Records -
---+---

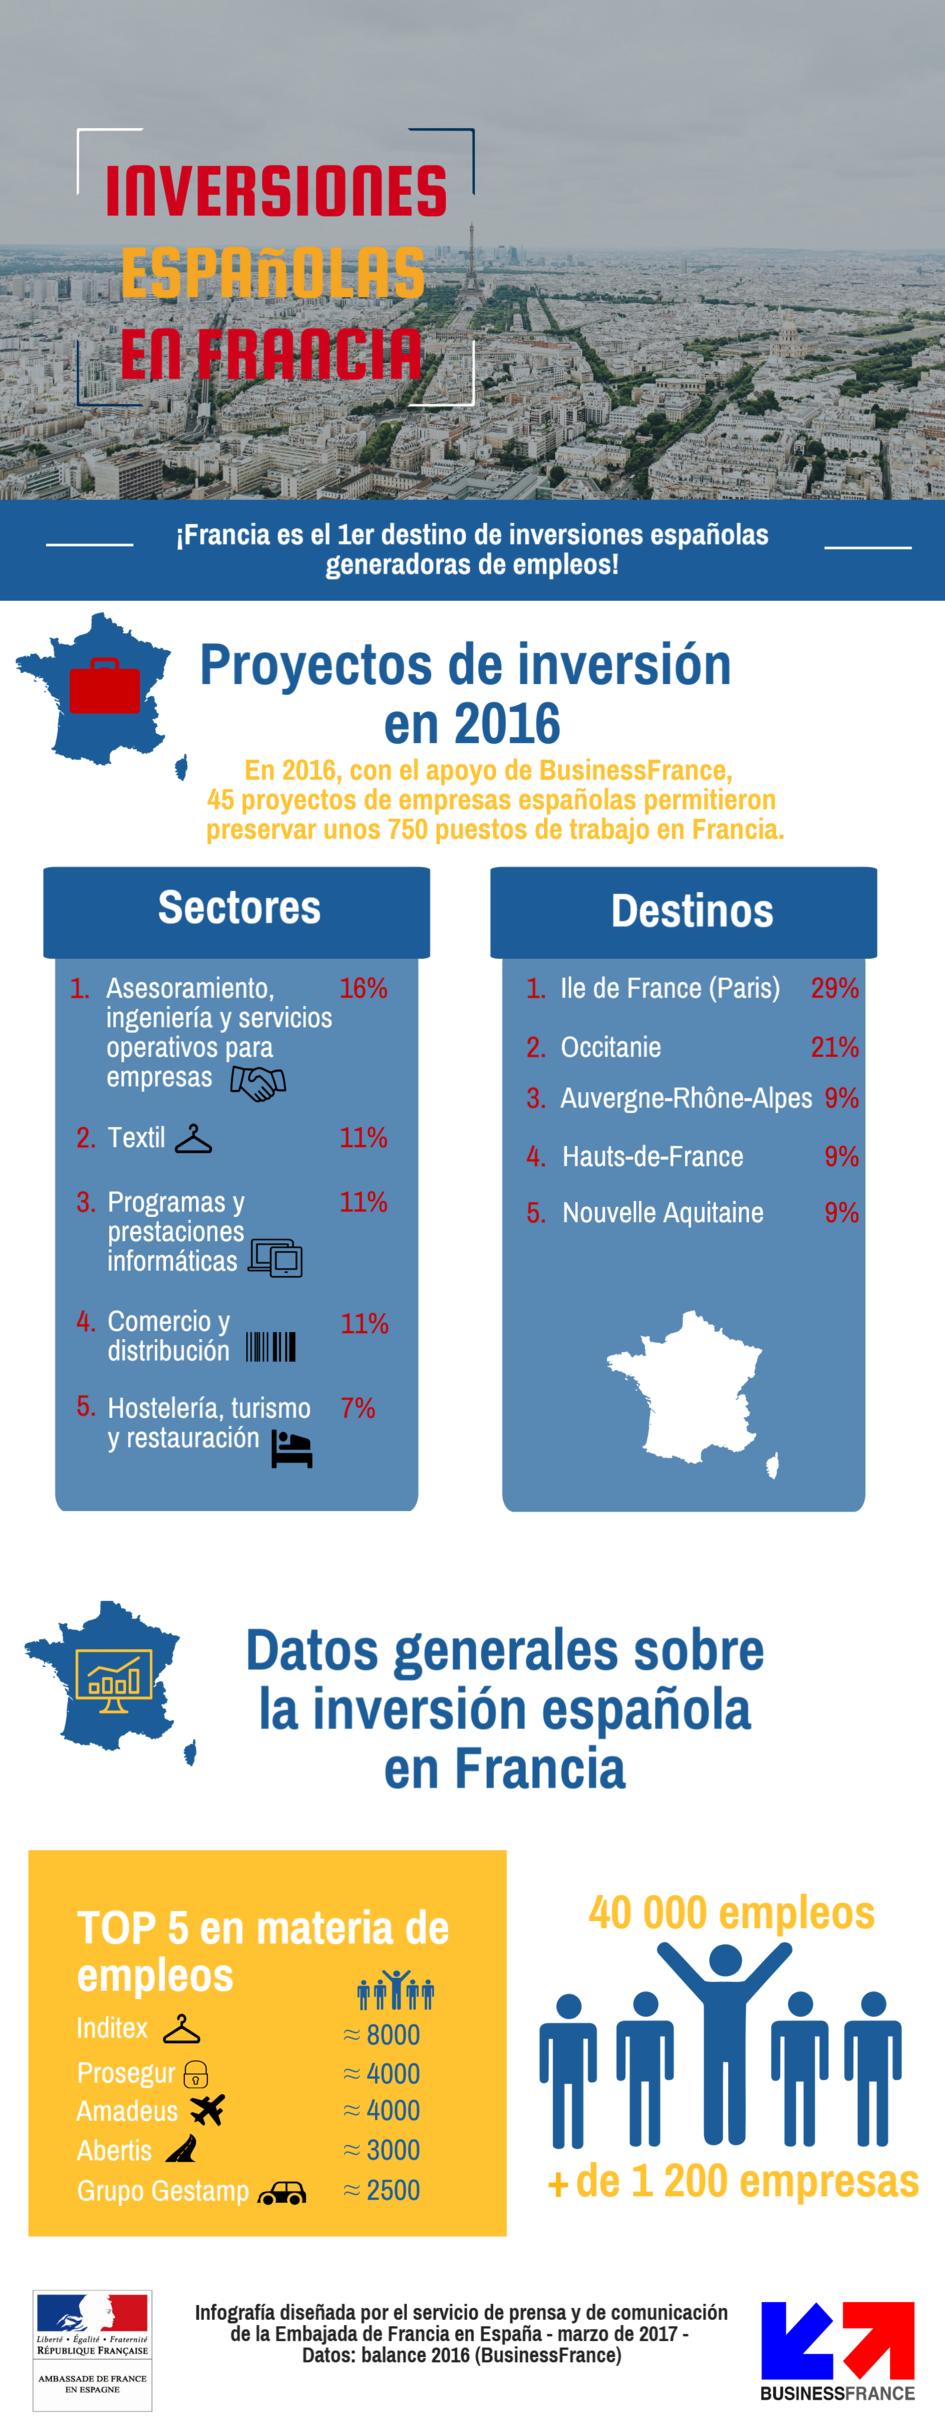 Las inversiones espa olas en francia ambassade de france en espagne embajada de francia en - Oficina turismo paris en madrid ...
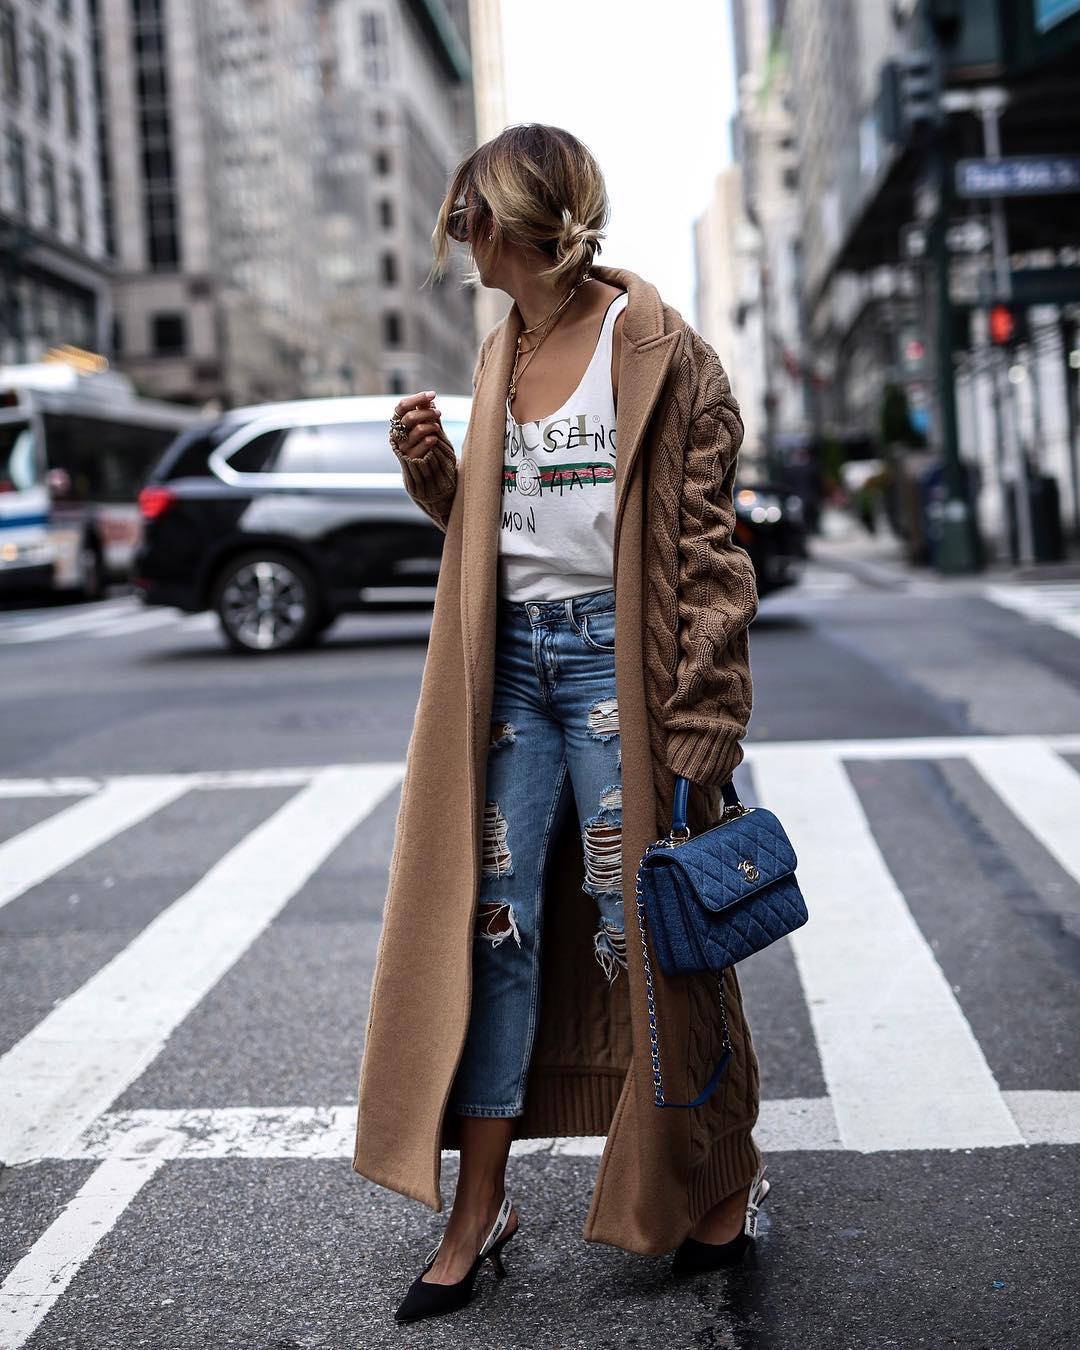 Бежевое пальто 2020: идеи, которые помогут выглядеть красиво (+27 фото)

---+---

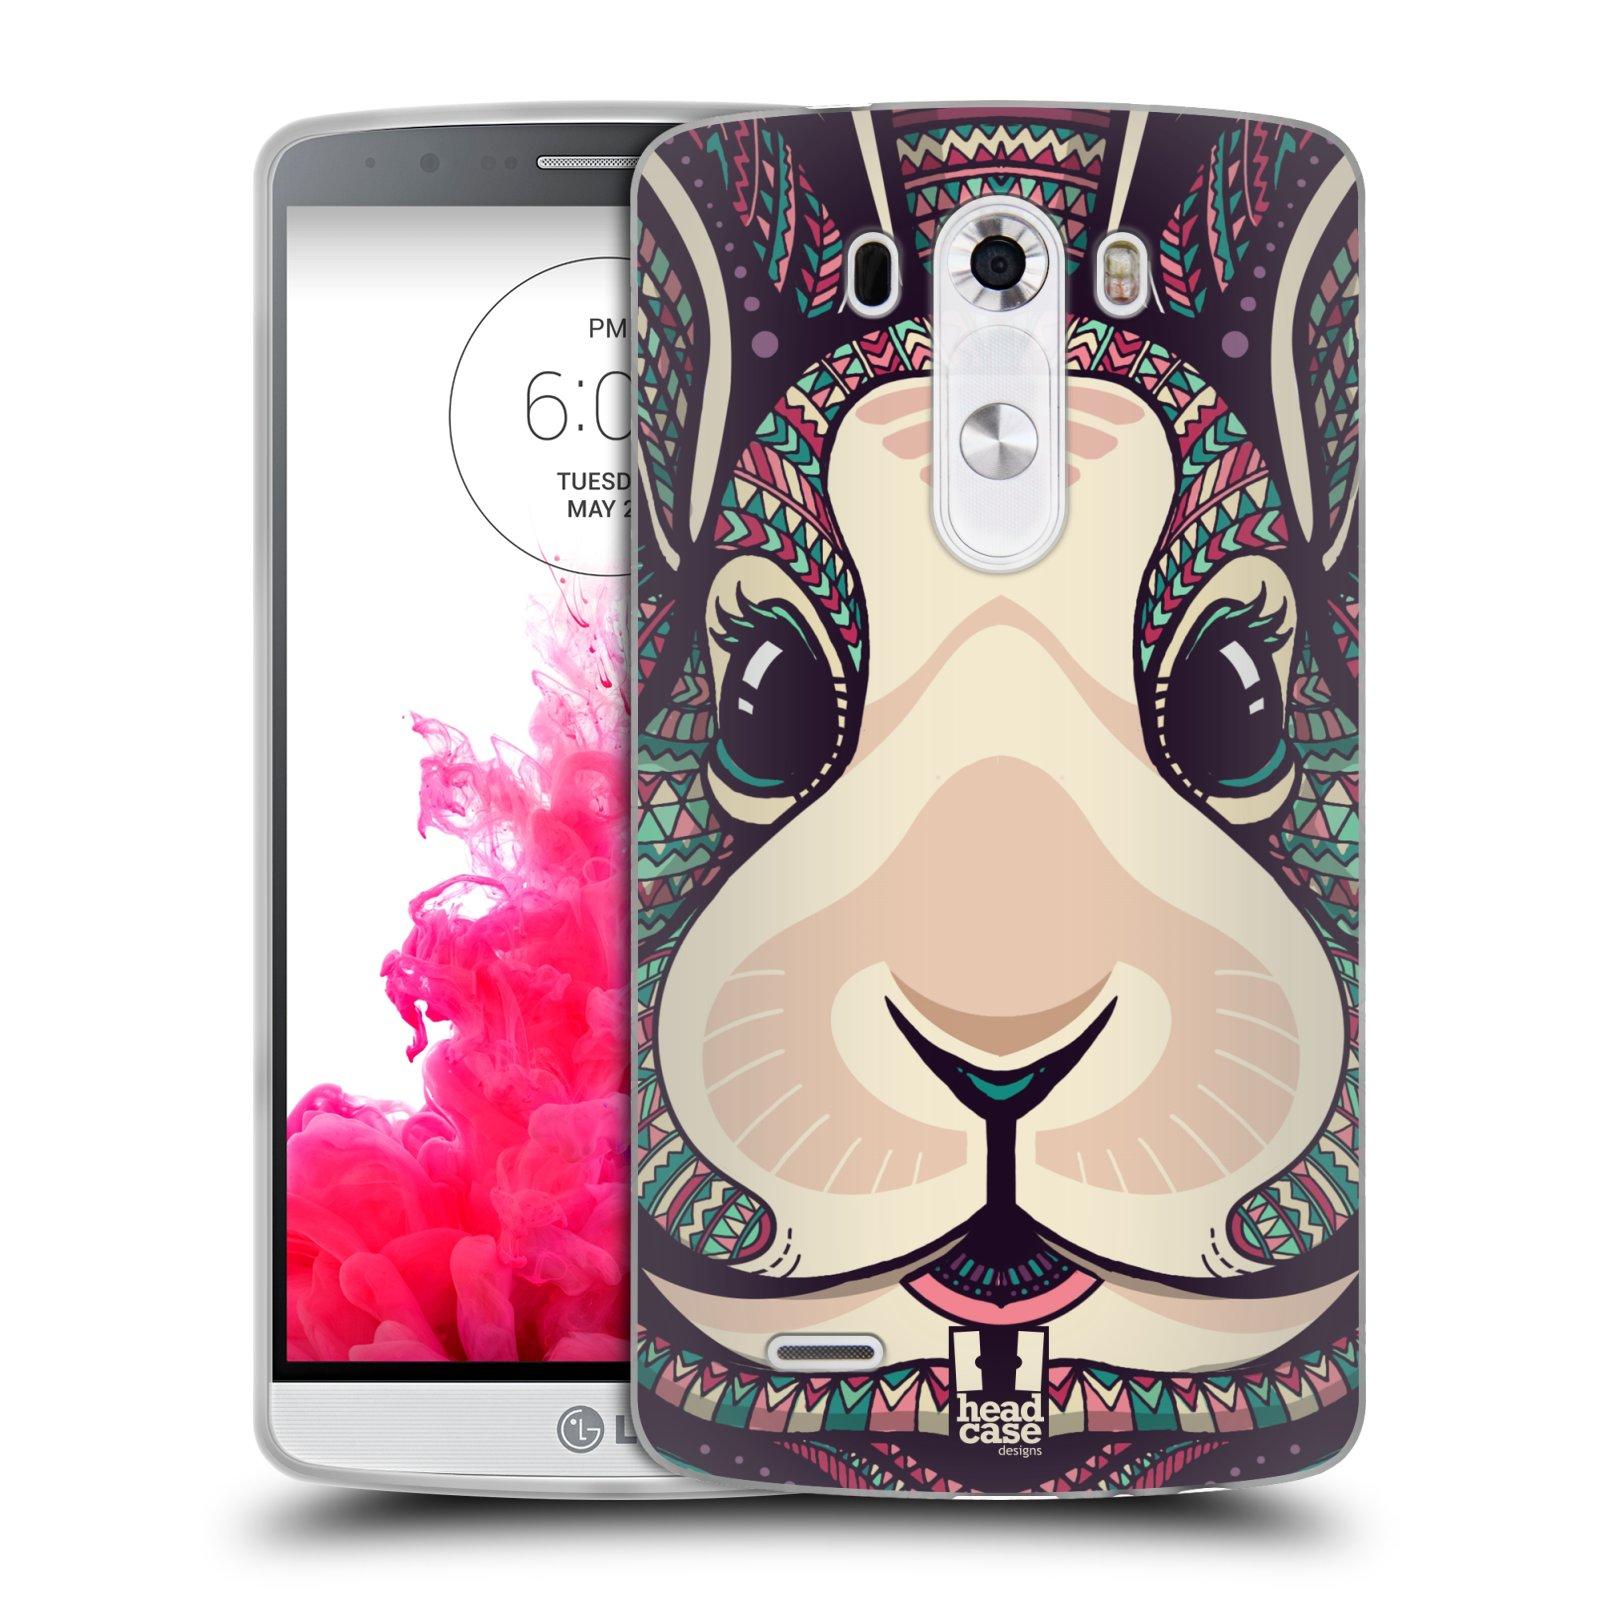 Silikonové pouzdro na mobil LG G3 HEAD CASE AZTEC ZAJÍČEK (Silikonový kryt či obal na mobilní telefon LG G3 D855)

---+---

Write out exactly the lines above between the one with "Las inversiones espa" and the one with "Бежевое пальто 2020: идеи, которые", inclusive, with pictures left out.

 Las inversiones espa olas en francia ambassade de france en espagne embajada de francia en - Oficina turismo paris en madrid ...
 Бежевое пальто 2020: идеи, которые помогут выглядеть красиво (+27 фото)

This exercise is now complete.